House of Lords Reform - Scotsman Letter

   In today's Scotsman
I just heard David Cameron explaining why he opposed a referendum on Lords reform while supporting referendums on London and other places having mayors. The mayoral referendums were because locally entrenched politicians were against them and a referendum was to get past them and find the people's wishes. Whereas for Lords reform the entrenched powers in all 3 parties are in favour of some cosmetic reform.
Mr Cameron appeared to be unaware that he was thus riding 2 horses in opposite directions.
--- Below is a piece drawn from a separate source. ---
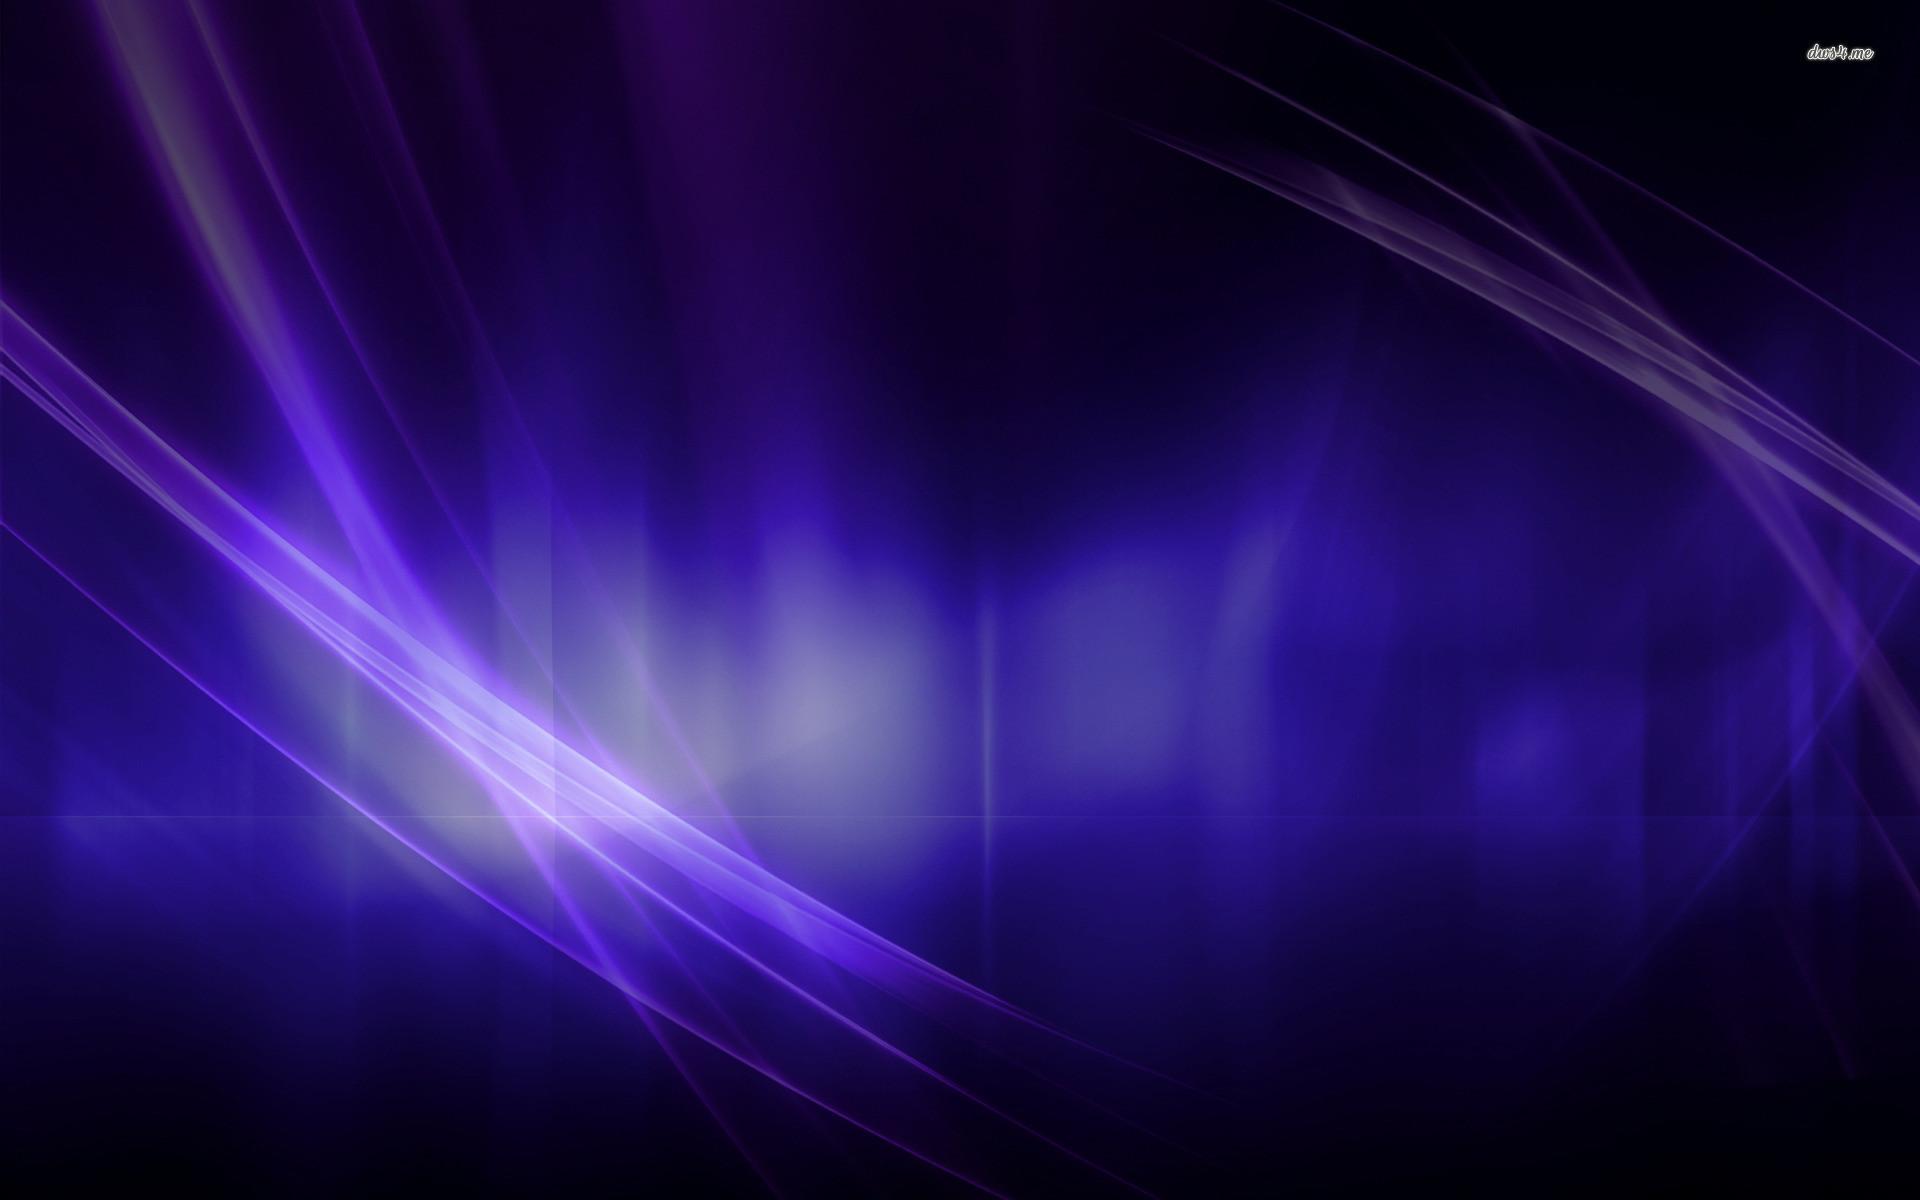 Purple Wallpapers 12 Best Wallpapers Collection Desktop: Purple Abstract Wallpaper (74+ Images

This commitment to democratic sovereignty, but not when it is your own entrenched interests, is typical of our political class.
Reforming the Lords is as major a constitutional change as we have seen since women got the vote.
If this is not something on which the people's wishes are  to be made known Britain is not a democracy.

We should settle this by referendum.
But it should not be the sort of referendum we had on voting reform where the most popular option, true Proportional representation, was deliberately kept off the ballot because the Tories knew it would easily win.
We need a proper multi-option. run off. referendum under which we, the people, get to decide whether we want a fully elected PR chamber, or, as currently, a fully appointed one, some mixture of the 2 or something else. No decision from which the people are deliberately excluded will get any lasting respect and Parlimenmtarians are already not overly burdened with popular regard as it is.
  The letter was published as written except for reformatting of the paragraphs and 2 words. I am keeping the Scotsman edition because i think the edited version the better one.

     Daniel Hannan has an article on the subject as well where he comes us with this constitutional support 
the greatest constitutional theorist of the day, AV Dicey, who described referendums as 'the best, if not the only possible, check upon ill-considered alterations in the fundamental institutions of the country'.
..... a difference, as Dicey put it, 'between laws which are not fundamental and constitutional and laws which are.'
   I will later give my ideas for how to reform our second chamber. There is no chance of the Commons MPs alone producing this since what they want is the appearance of a second chamber able to keep some separation of powers but that the reality be that it all rests with them, or, since the Commons is fairly toothless, with their Downing Street master.  This, in particular, is why they will oppose PR in the Lords. Though it would look like a reasonable compromise the inevitable result is that the Lords would acquire more democratic legitimacy than the Commons & thus actually have some power.